- _EXERCISE INSTRUCTIONS_: Please transcribe the listing below in full, exactly as written, leaving out its pictures.

-- PROVIDED MATERIAL follows --

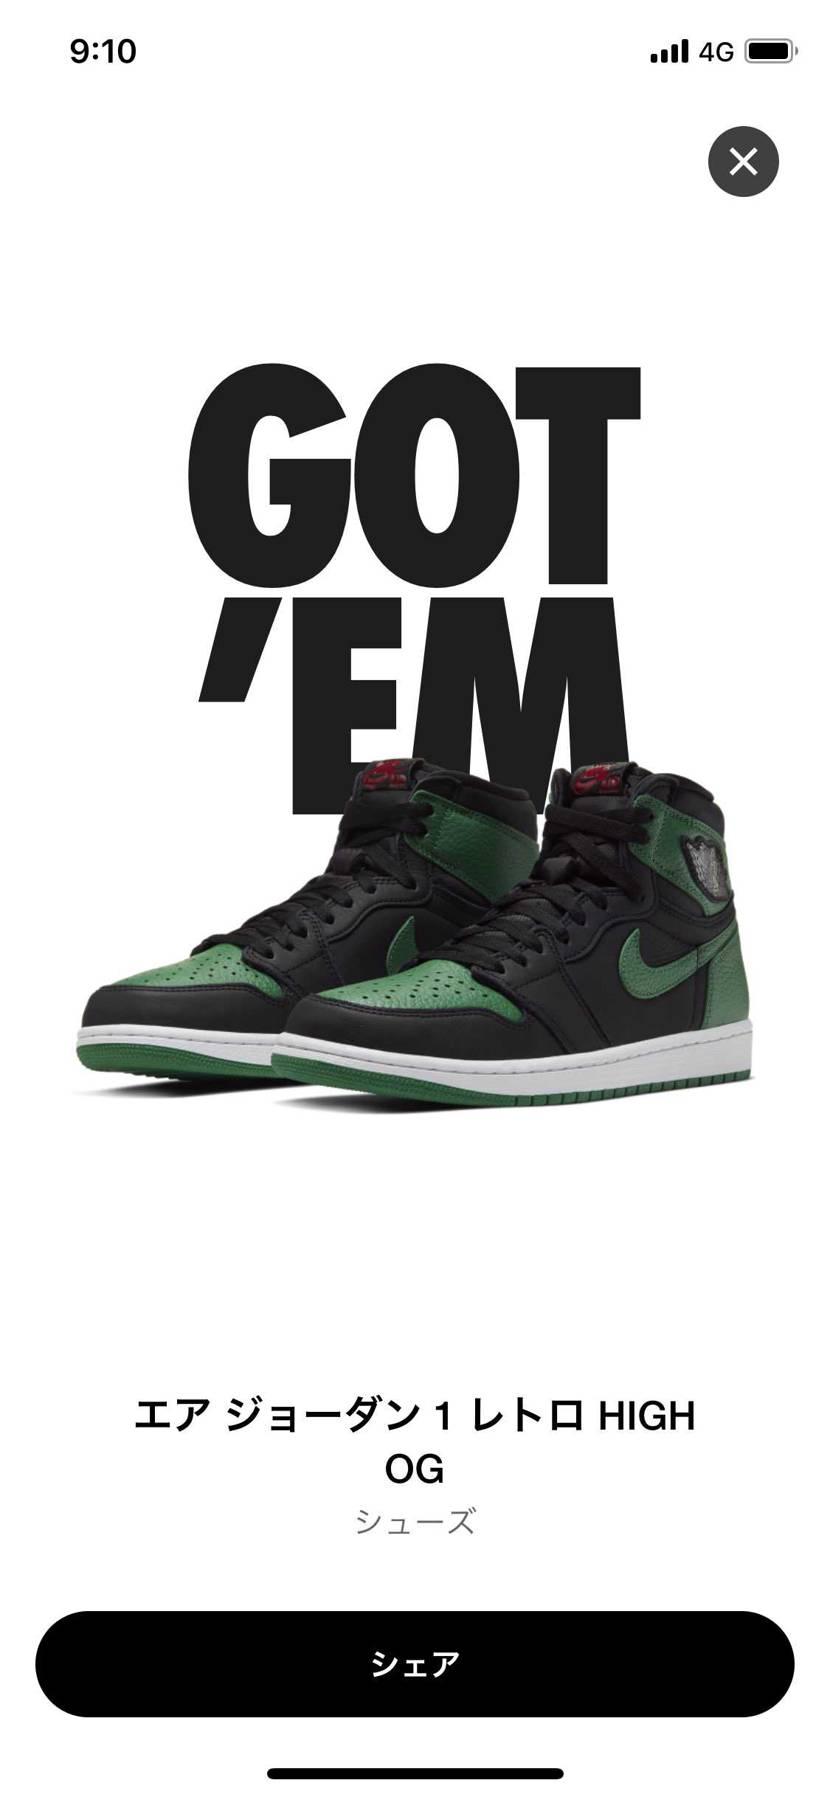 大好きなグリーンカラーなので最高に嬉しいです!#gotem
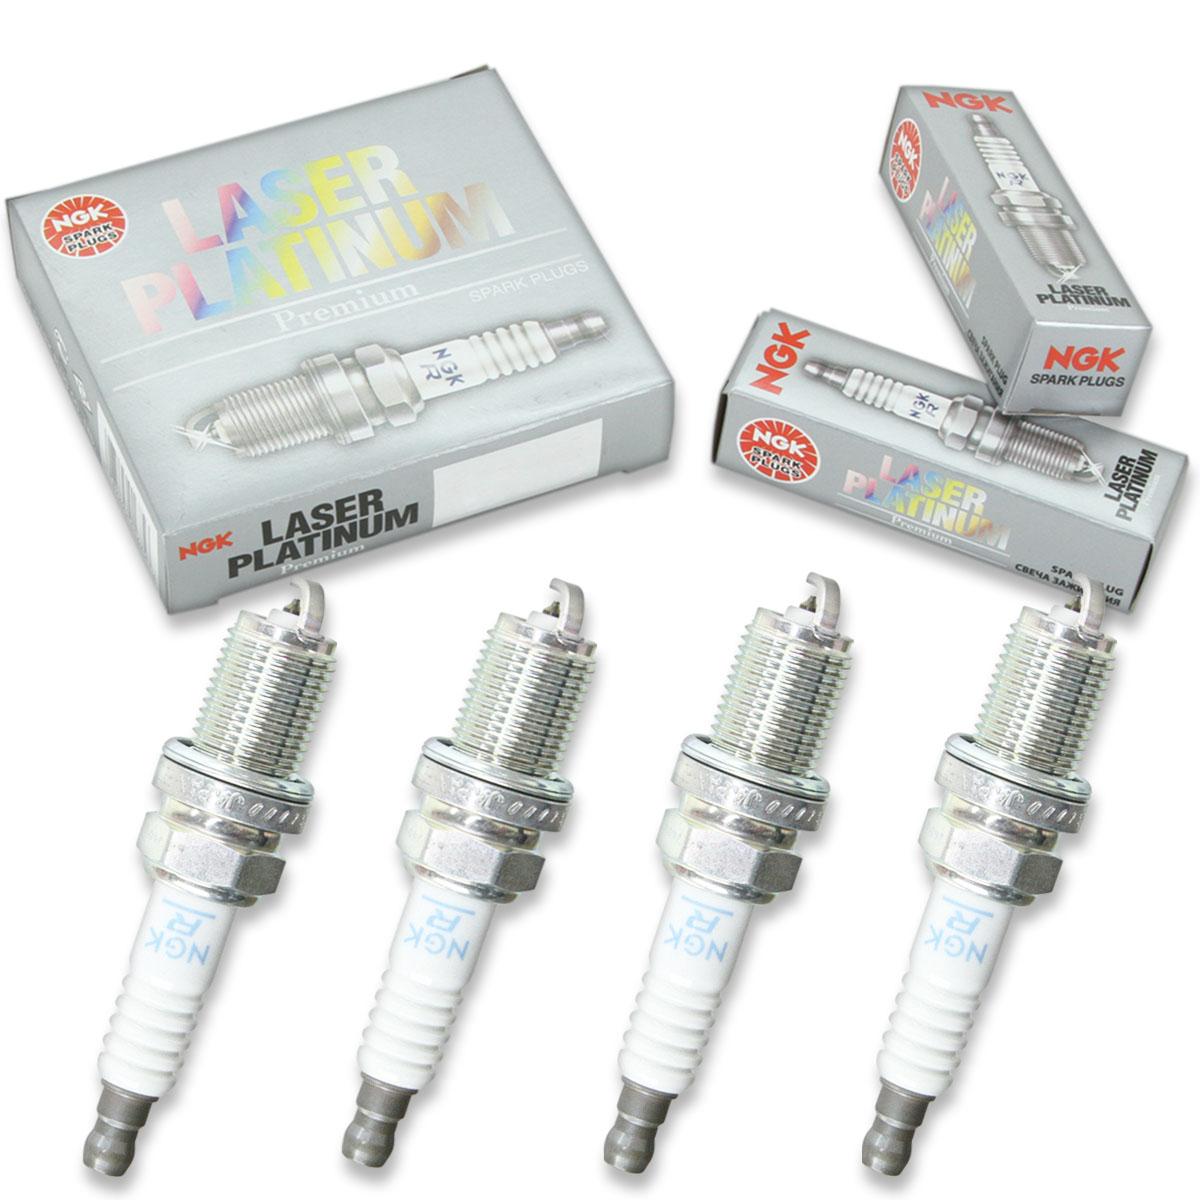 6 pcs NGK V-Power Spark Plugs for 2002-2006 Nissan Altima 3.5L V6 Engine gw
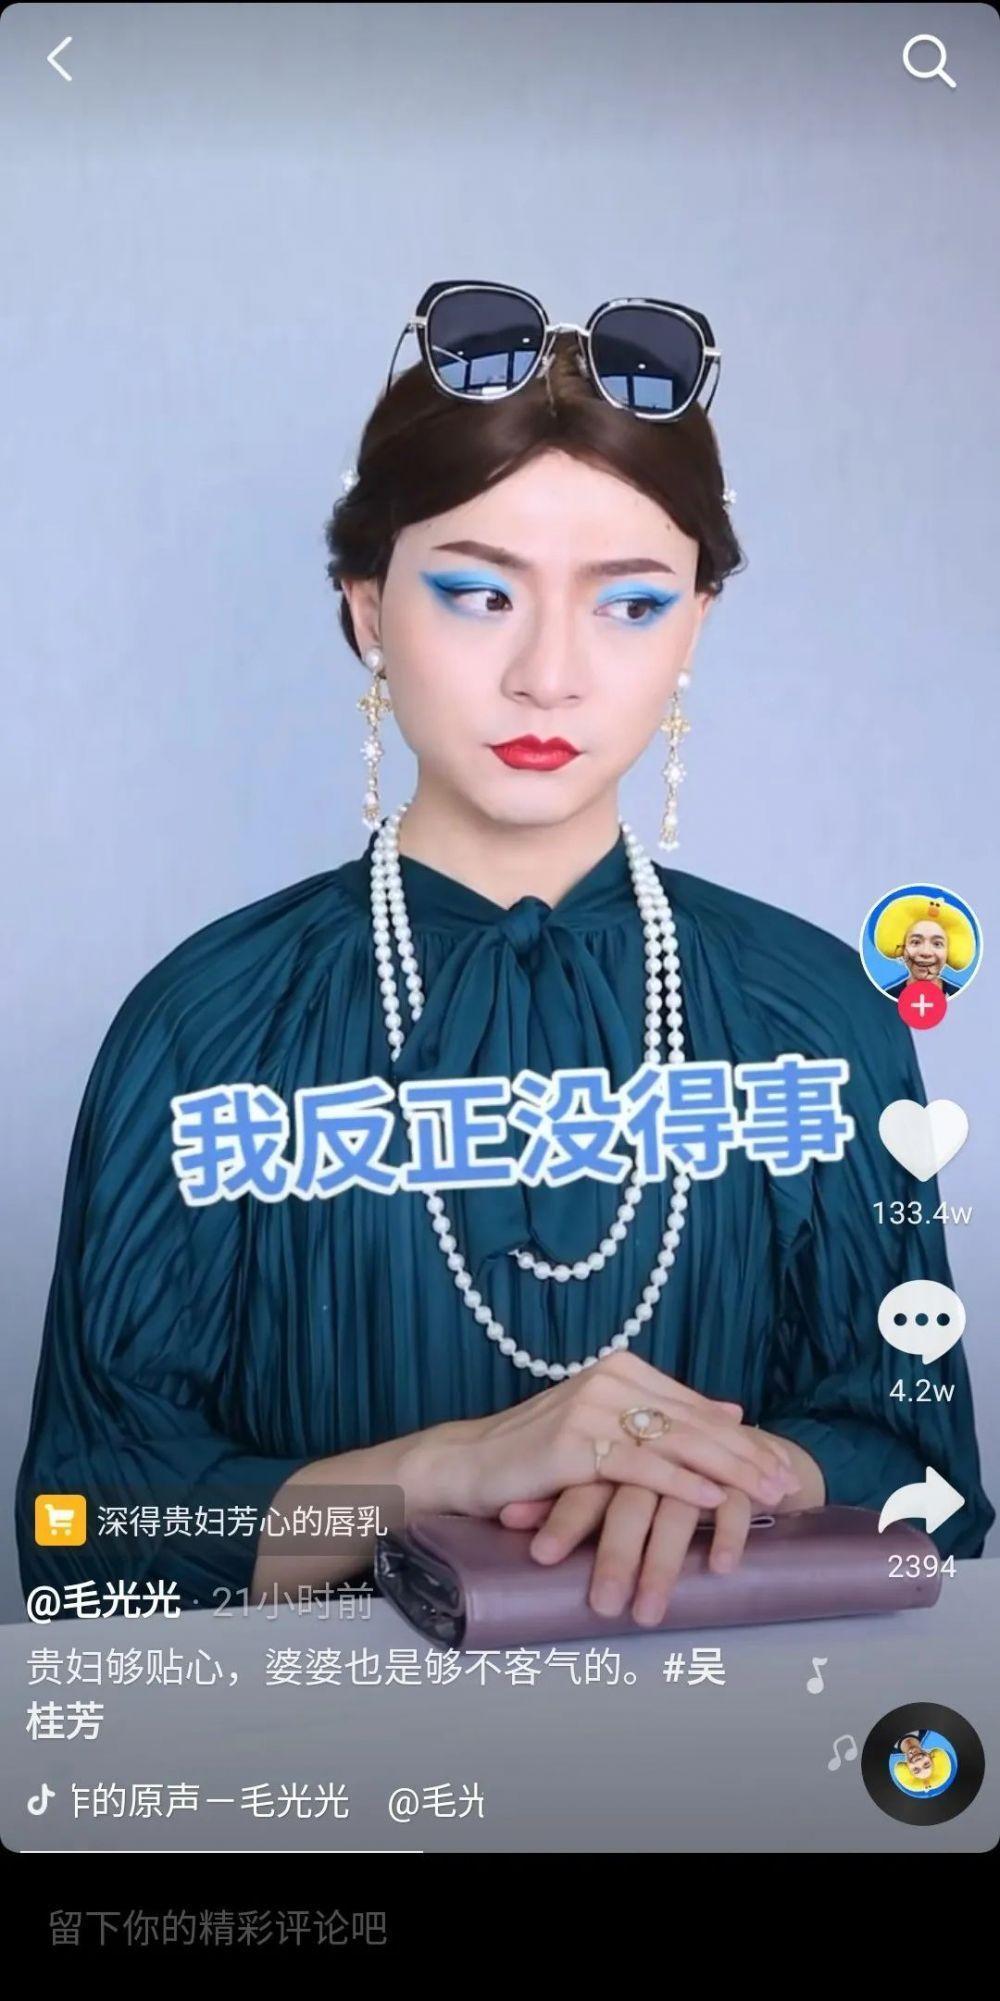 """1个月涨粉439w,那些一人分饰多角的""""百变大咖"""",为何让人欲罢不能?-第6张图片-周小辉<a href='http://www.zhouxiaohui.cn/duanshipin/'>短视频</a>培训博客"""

-- PROVIDED MATERIAL concluded --

- _SOLUTION TO THIS TASK_:
 大好きなグリーンカラーなので最高に嬉しいです!#gotem
 6 pcs NGK V-Power Spark Plugs for 2002-2006 Nissan Altima 3.5L V6 Engine gw
 """1个月涨粉439w,那些一人分饰多角的""""百变大咖"""",为何让人欲罢不能?-第6张图片-周小辉<a href='http://www.zhouxiaohui.cn/duanshipin/'>短视频</a>培训博客"""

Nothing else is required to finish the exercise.